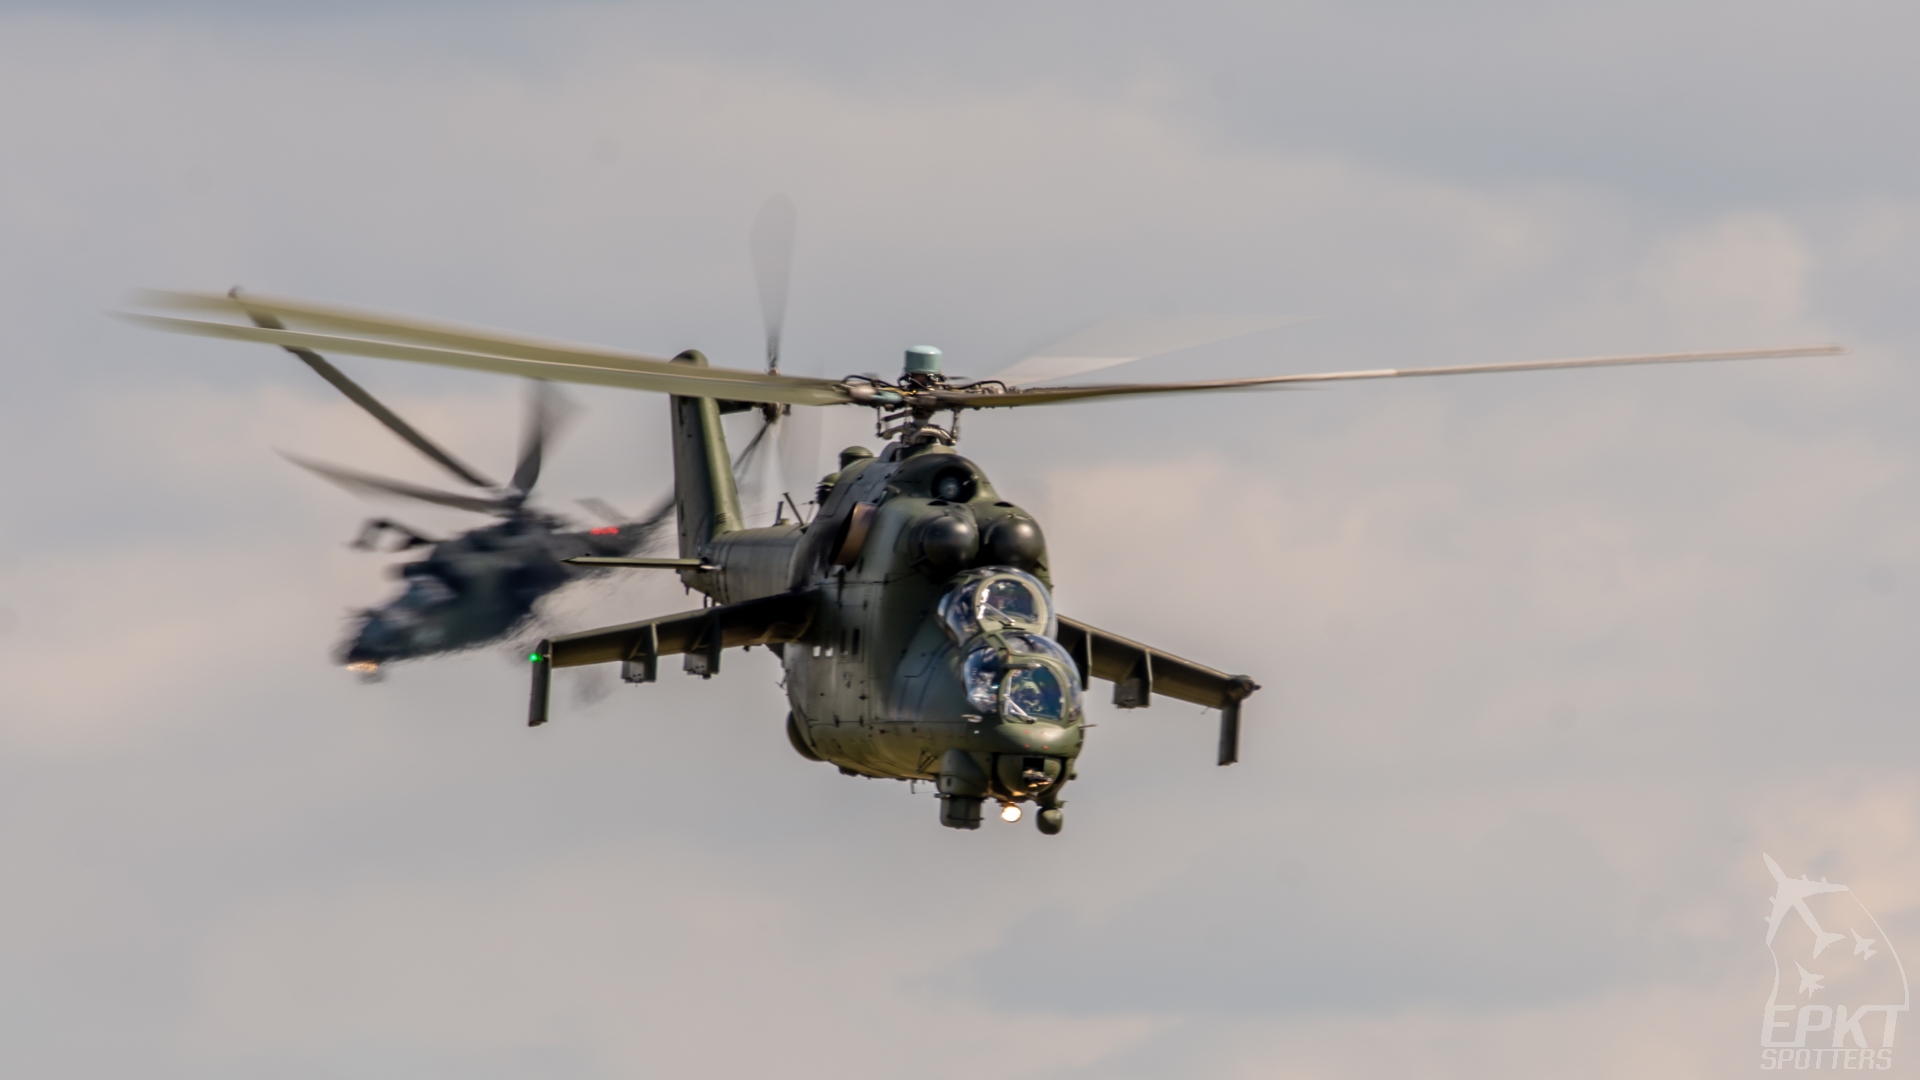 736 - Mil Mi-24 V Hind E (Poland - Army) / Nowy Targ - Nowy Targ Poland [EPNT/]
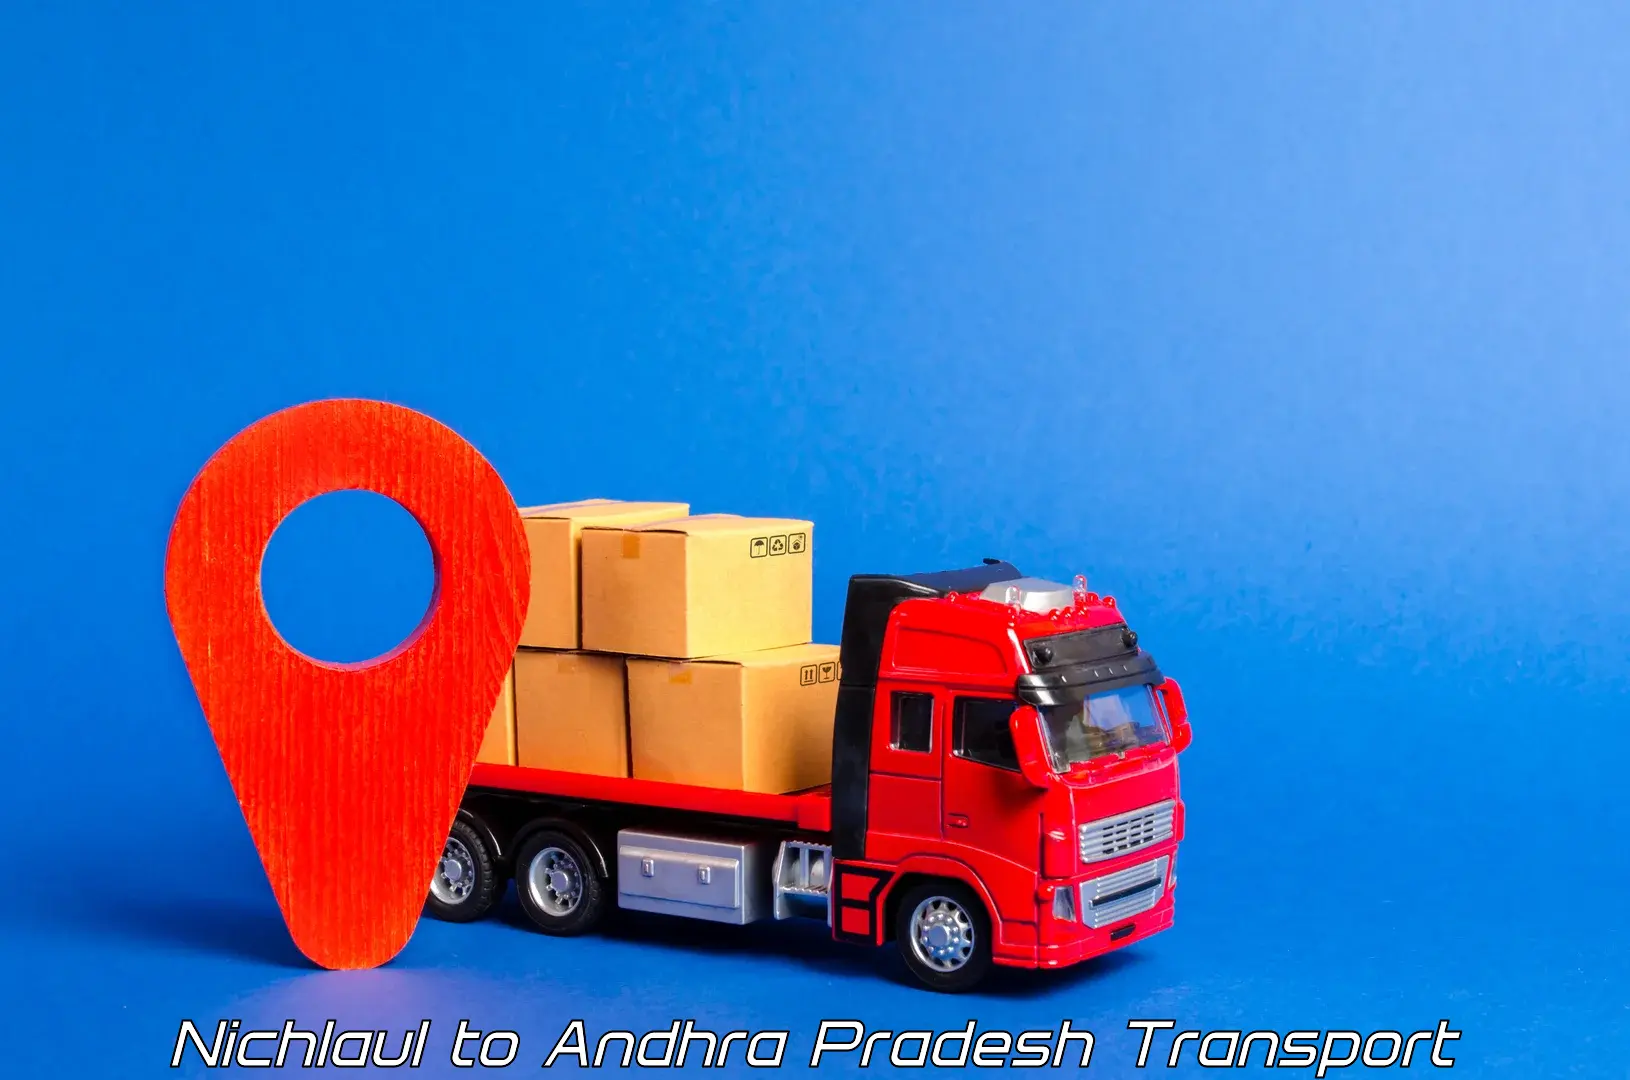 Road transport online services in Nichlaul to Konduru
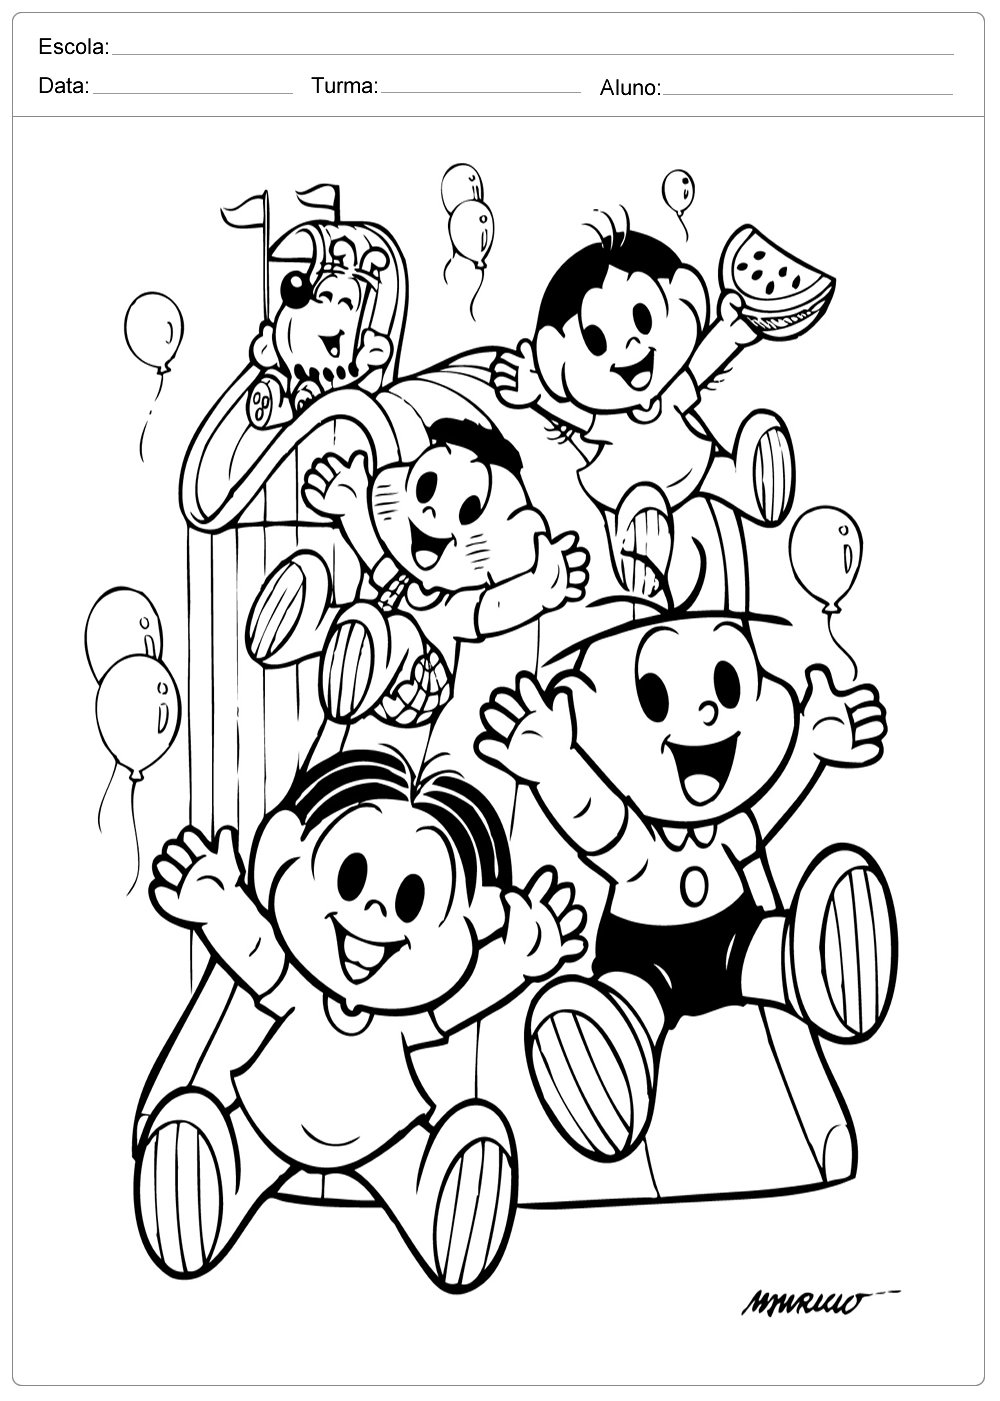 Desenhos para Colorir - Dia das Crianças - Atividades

### Requirement
Your answer should contain all the material above, written out exactly, and none of the pictures.

### Answer area
 736 - Mil Mi-24 V Hind E (Poland - Army) / Nowy Targ - Nowy Targ Poland [EPNT/]
 Road transport online services in Nichlaul to Konduru
 Desenhos para Colorir - Dia das Crianças - Atividades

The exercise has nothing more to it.